16. Breakin’ Glass – Another 1985 Baf Ensemble track. We used the 4 track reel to reel to play the intro music to the film Koyaanisqatsi at double speed, and then painstakingly hand tuned the tempo of a Roland “Dr. Rhythm” drum machine (precursor to the TR808 used in hiphop) to add the synth drum track. Then I played other synth parts, and we chopped up a bunch of other tracks, including bits from new age harpist Andreas Vollenweider, Herbie Hancock and R.E.M. to make a sonic collage that linked the other three parts of the track together. We did all this in the analog world: starting and stopping tape machines and turntables, working with a 4 track reel to reel and analog synths that had no way to sync to tape. Remastered from the best cassette copy I could find for this release.
Credits (Electrophonic tracks)
Sequenced tracks recorded September 1987 – August 1989. Mixed direct to DAT August 5-7, 1989 at Sixth Street Studio.

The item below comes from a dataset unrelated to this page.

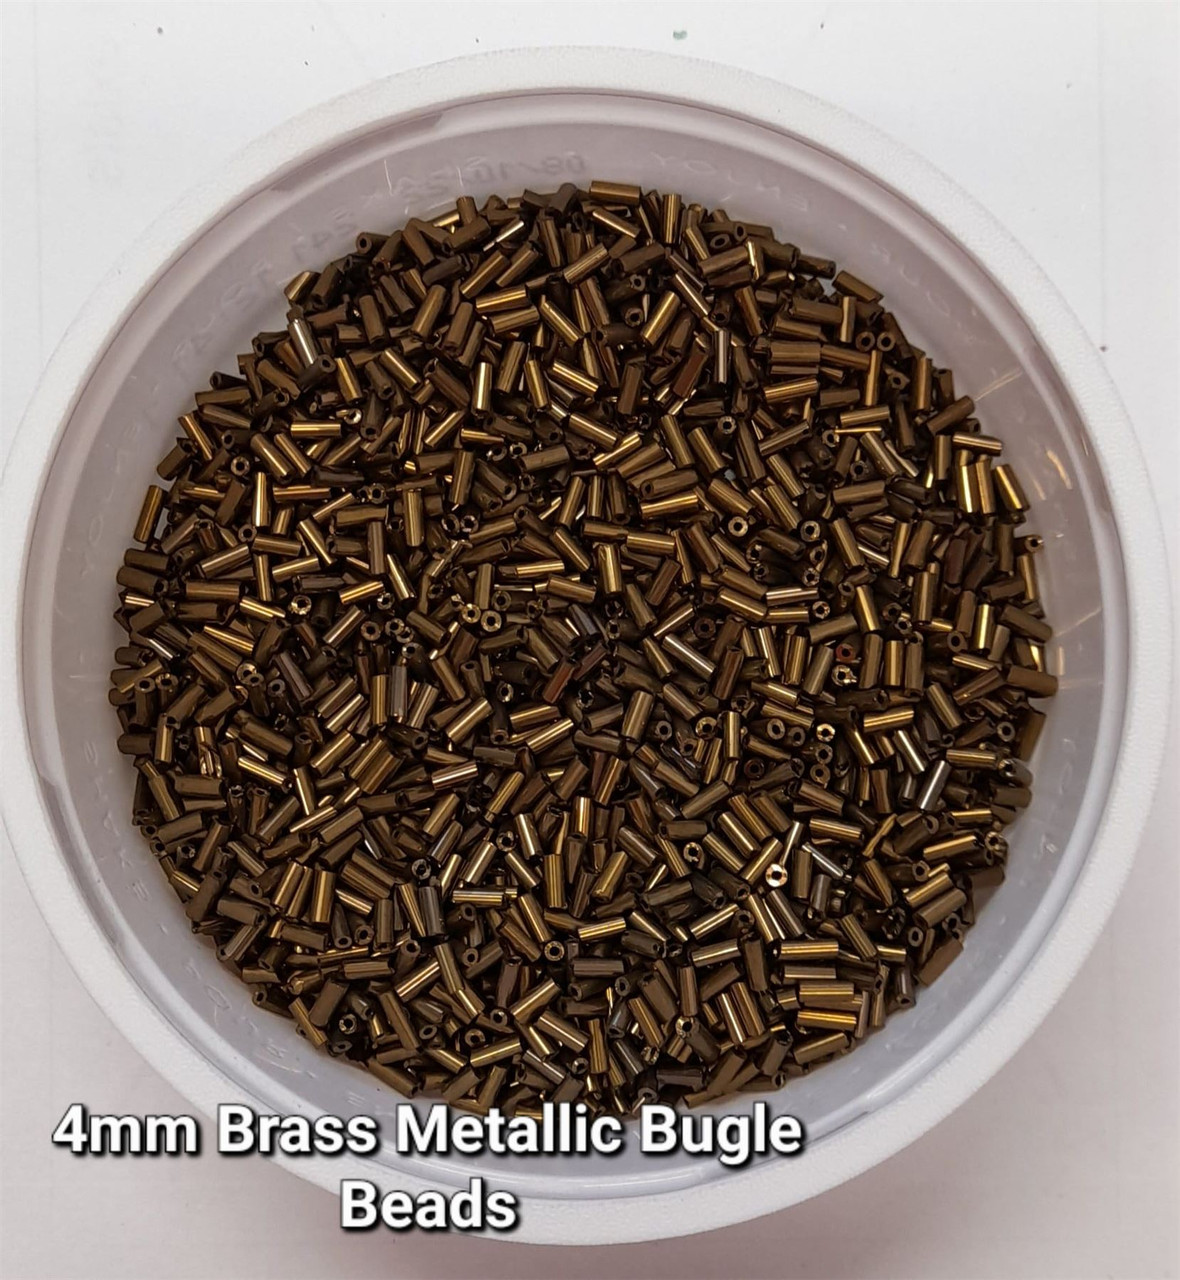 50g glass bugle beads - Brass Metallic - approx 4mm

Produced, composed, arranged and performed by Karl Rehn
Associate producer – Andrew Wimsatt
Drum programming – Chris Bennett and Karl Rehn. Additional drums from Michael Holleman and Wayne Smith.
Recording Engineer – Aaron White (tracks 1-8)
Advice and Support – Peter McNutt
Autumn Leaves by Johnny Mercer, Summertime by George Gershwin, Round Midnight by Theolonius Monk, Body and Soul and J. Green.